J’ai tenté en vain le Drive. C’est un type qui fait vos courses pour vous dans les rayons et qui vous distance socialement conformément aux recommandations.

C’est fatal, ça ne marche pas, les serveurs sont surbookés du fait qu’à l’origine, le Drive, c’est fait pour les actifs pressés, pas pour les retraités. C’est dommage car l’enseigne qui a un Drive pourrait récupérer une nouvelle clientèle qui va dans les Intermarchés, les Lidl ou les Aldi et donc gagner des clients nouveaux et des ventes.

Après ce premier set de confinement, il ne reste plus qu’à attendre le décompte funeste de la maladie qui gagne inexorablement, jour après jour.

Les potins du lundi

Cinque Terre (Italie), le séjour du Club des Cent Cols compromis

Au moins cinq vélos d’écart

Ce matin je toussote. Comme à l’accoutumée. Mais je me sens anormalement chaud; vite le thermomètre…36,2. On n’échappe pas à la crainte.

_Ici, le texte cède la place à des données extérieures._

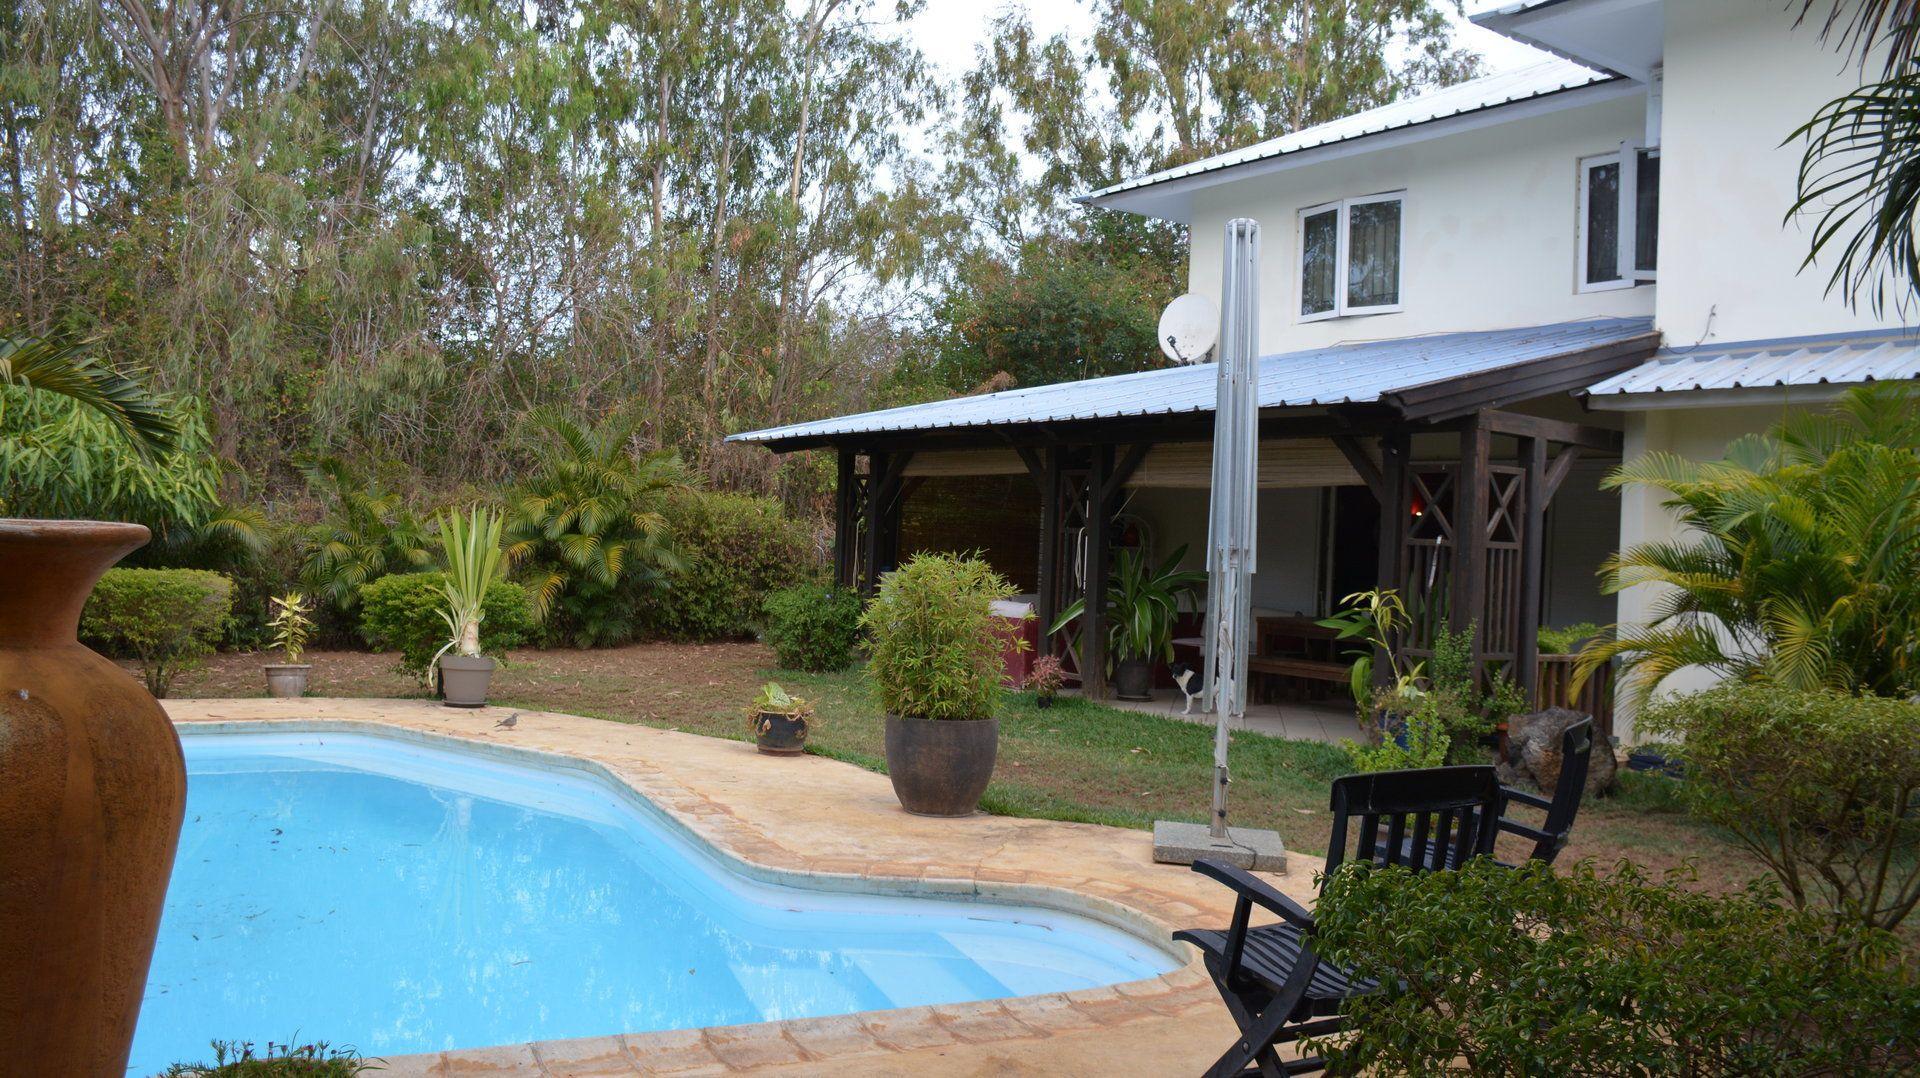 Maison à louer 7 720m2 à Ile Maurice vignette-1

Je vais sortir le VTT en vitesse avant qu’on soit définitivement confiné à la maison. Car il en est question comme en Italie. Sortir à vélo est hautement pathogène dès qu’on est à plusieurs car les vagues de morve et de crachats qui volent sont une (sale) habitude des cyclistes sur route. A VTT, il faut garder les distances, au moins cinq vélos

C’est pas juste!

Les clubs commencent à allonger la liste des défections sur leur calendrier. Je ne parle pas du foot, je parle des clubs cyclos qui ont déjà retenu des dates pour y effectuer un séjour. Mon club local Etoile 78 de Vieux-Thann vient d’annuler ses trois jours de la Pentecôte dans le Doubs. Rien de trop grave. Pour mon autre club des Cent Cols, c’est le séjour d’une semaine en Italie à Cavi di Lavagna (Ligurie) 4 au 11 mai qui est compromis.

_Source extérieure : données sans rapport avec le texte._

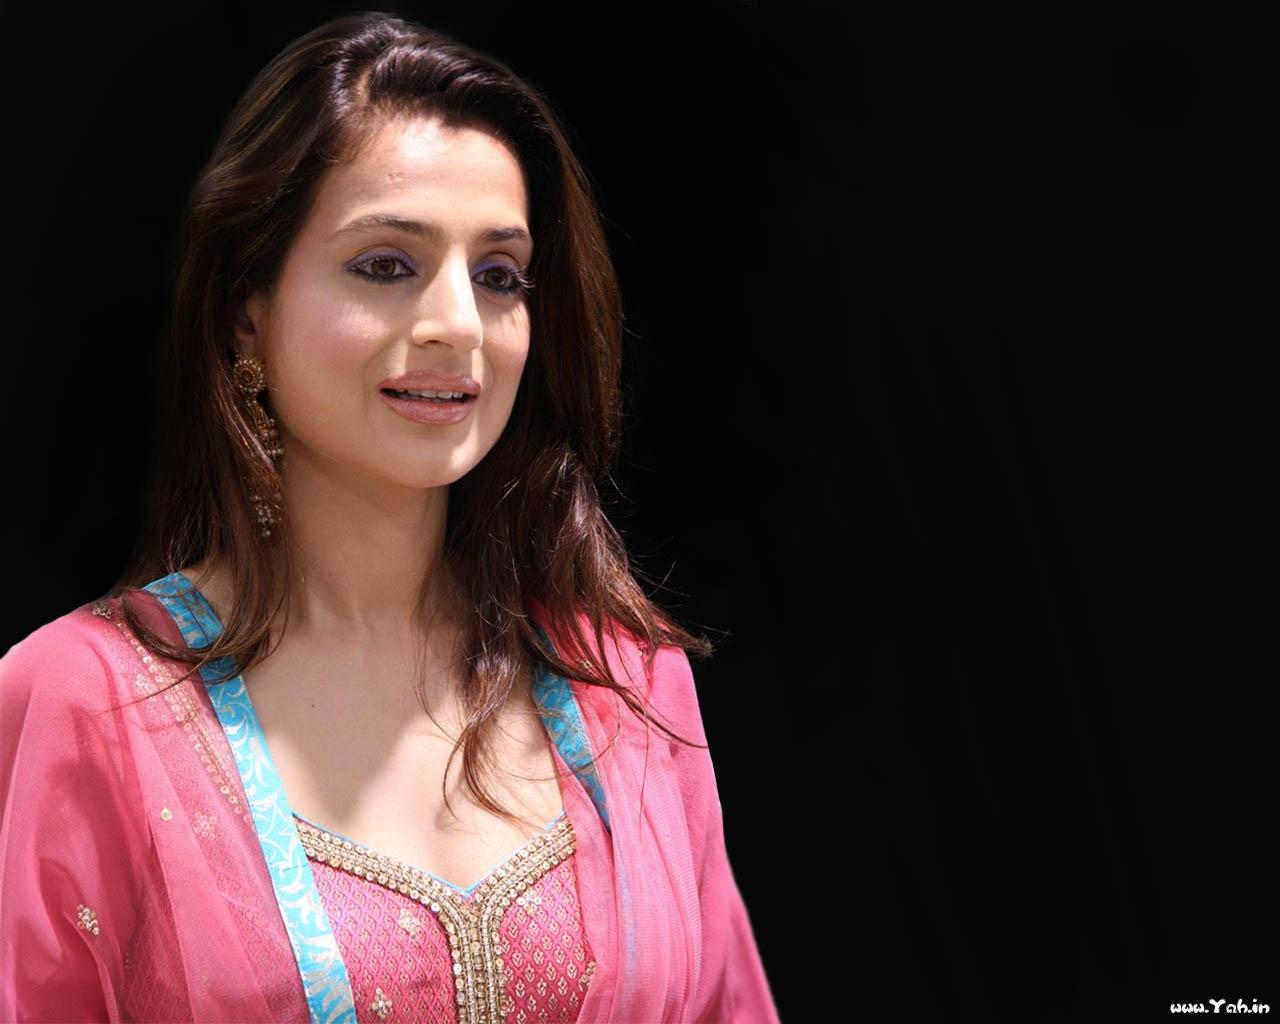 Patel Bollywood Actress Wallpapers SantaBanta Hungama Wallpapers 1280x1024

Nous sommes en discussion avec les hôtels pour voir les options possibles et les conditions, notamment financières, dans lesquelles ces options peuvent être mises en œuvre. Ce n’est pas simple, les enjeux sont très importants (un séjour comme celui là, c’est un enjeu de plus de 75 000€) et le CA va prendre des décisions au mieux des intérêts du Club et de ses membres dès que nous aurons tous les éléments nécessaires.

Ainsi pour rester dans un domaine secondaire comme celui du sport et des voyages d’agrément, on voit tout de suite concrètement jusqu’où conduisent les conséquences de l’épidémie de coronavirus.

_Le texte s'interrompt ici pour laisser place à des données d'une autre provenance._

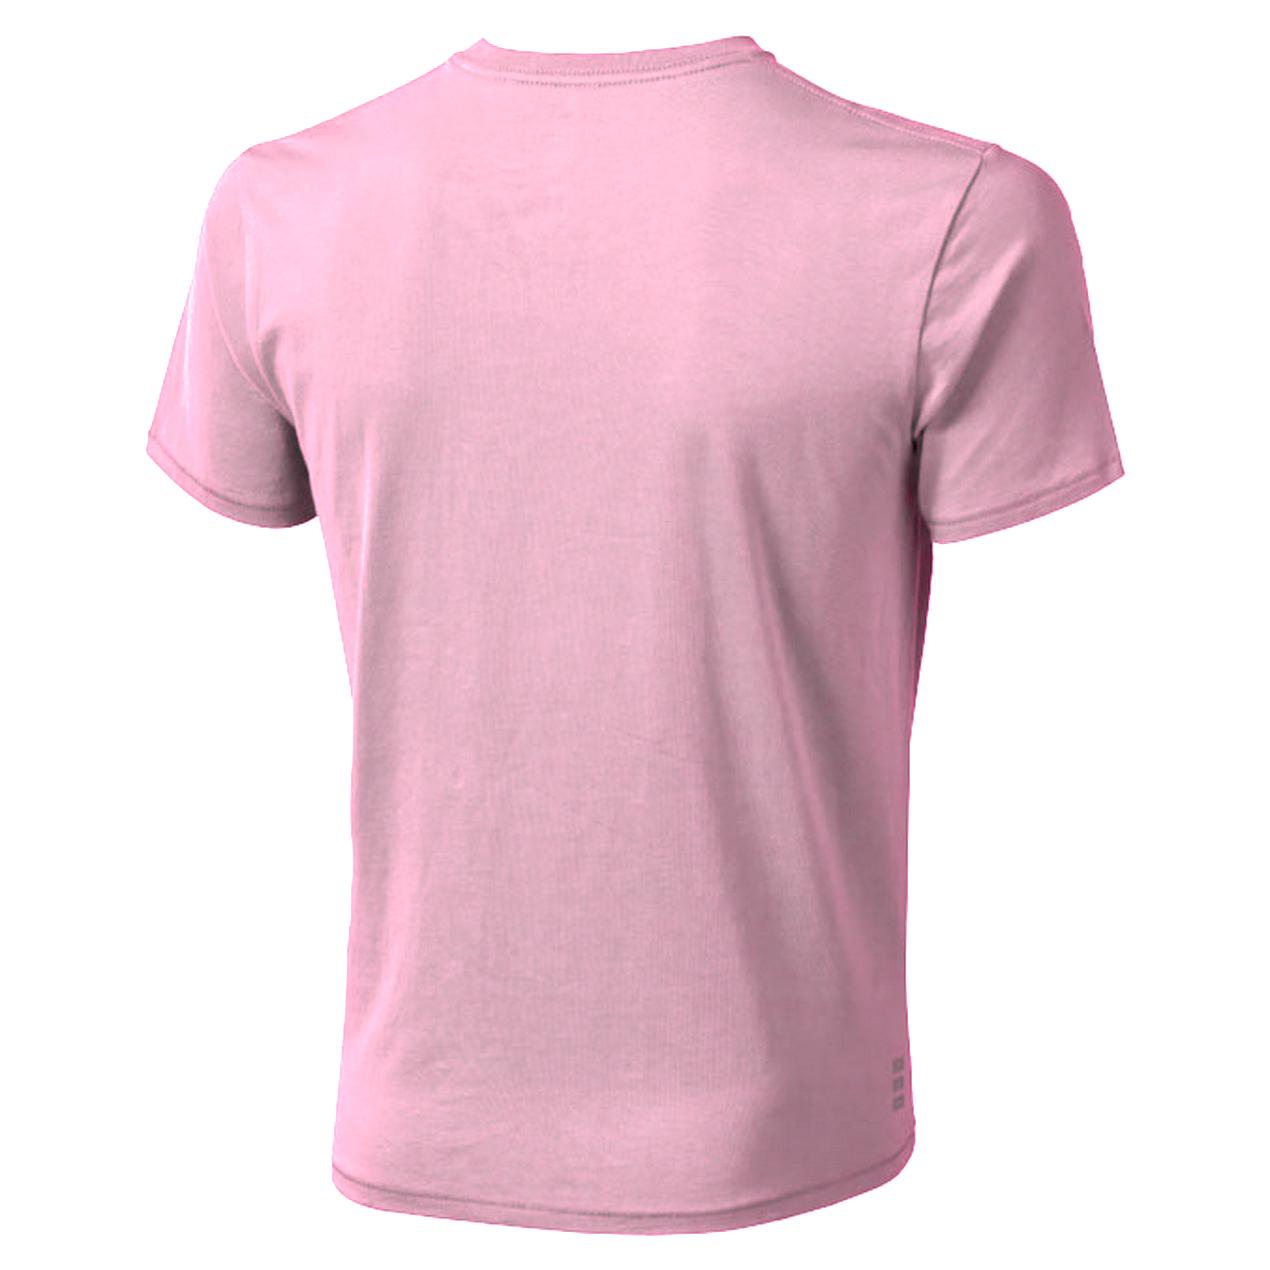 Elevate-Mens-Nanaimo-Short-Sleeve-T-Shirt-PF1807 thumbnail 24

Les conséquences ne sont pas pour les sportifs capables d’attendre des jours meilleurs, elles sont pour les entreprises hôtelières et de voyages.

Ce matin, la frontière allemande sera fermée avec pour conséquence qu’on ne devrait plus pouvoir aller pédaler coté allemand du Rhin ni faire ses courses à DM à Neuenburg.

Grande première de la saison cyclo dans le Haut-Rhin, les 100 km d’Urschenheim samedi 14 mars ont été maintenus mais pas de départs groupés comme à l’habitude…

Les 100 km d’Urschenheim en 2012

Cette année, les nouveautés et adaptations apportées nous permettent de maintenir notre manifestation et de respecter les précautions afin d’éviter la propagation du Covid-19.

En effet, la randonnée ne se fera pas sous la forme habituelle d’un peloton groupé et encadré mais sera un parcours fléché.

Du coté des Randonnées de Printemps du mois de mars à Mulhouse, le club de Sausheim s’est conformé aux consignes préfectorales: L’organisation du brevet de printemps du samedi 14 mars est annulée suite à l’arrêté préfectoral.

Edouard Philippe pique une colère

Le gouvernement a donc choisi de serrer de deux crans supplémentaires la ceinture des libertés publiques en fermant les commerces, après les écoles, en s’apprêtant à réduire l’offre de transports en commun et à limiter les déplacements personnels. C’est que les Français ont du mal à comprendre l’enjeu des restrictions imposées, il n’y a pas « suffisamment de prise de conscience par les Françaises et les Français de l’importance de leur rôle face au virus ».

Il est demandé à tous les Français de ne sortir de chez soi que pour faire des « courses essentielles » ou un « peu d’exercice ». Traduction: je peux encore aller à l’Aldi acheter du RonRon et faire du vélo ou du jogging. Cela ne préfigure en rien ce que pourrait devenir cette restriction de circuler si les autorités venaient à nous délivrer des « laisser-passer » comme en Italie. Irons-nous jusque là?

Ce matin j’ai trouvé dans ma boite à lettres une pub déposée dans la nuit

A emporter ou à la livraison, si vous craignez de sortir, la pizza livrée à domicile. Les pizzerias trouvent une porte de sortie pour remédier à la fermeture de leur restaurant.

Le mal est invisible

Il y a à la base le coté « fleur bleue » de ceux qui aiment braver les interdits comme avec les radars…et aussi l’invraisemblable inculture de la population en terme d’hygiène individuelle et collective.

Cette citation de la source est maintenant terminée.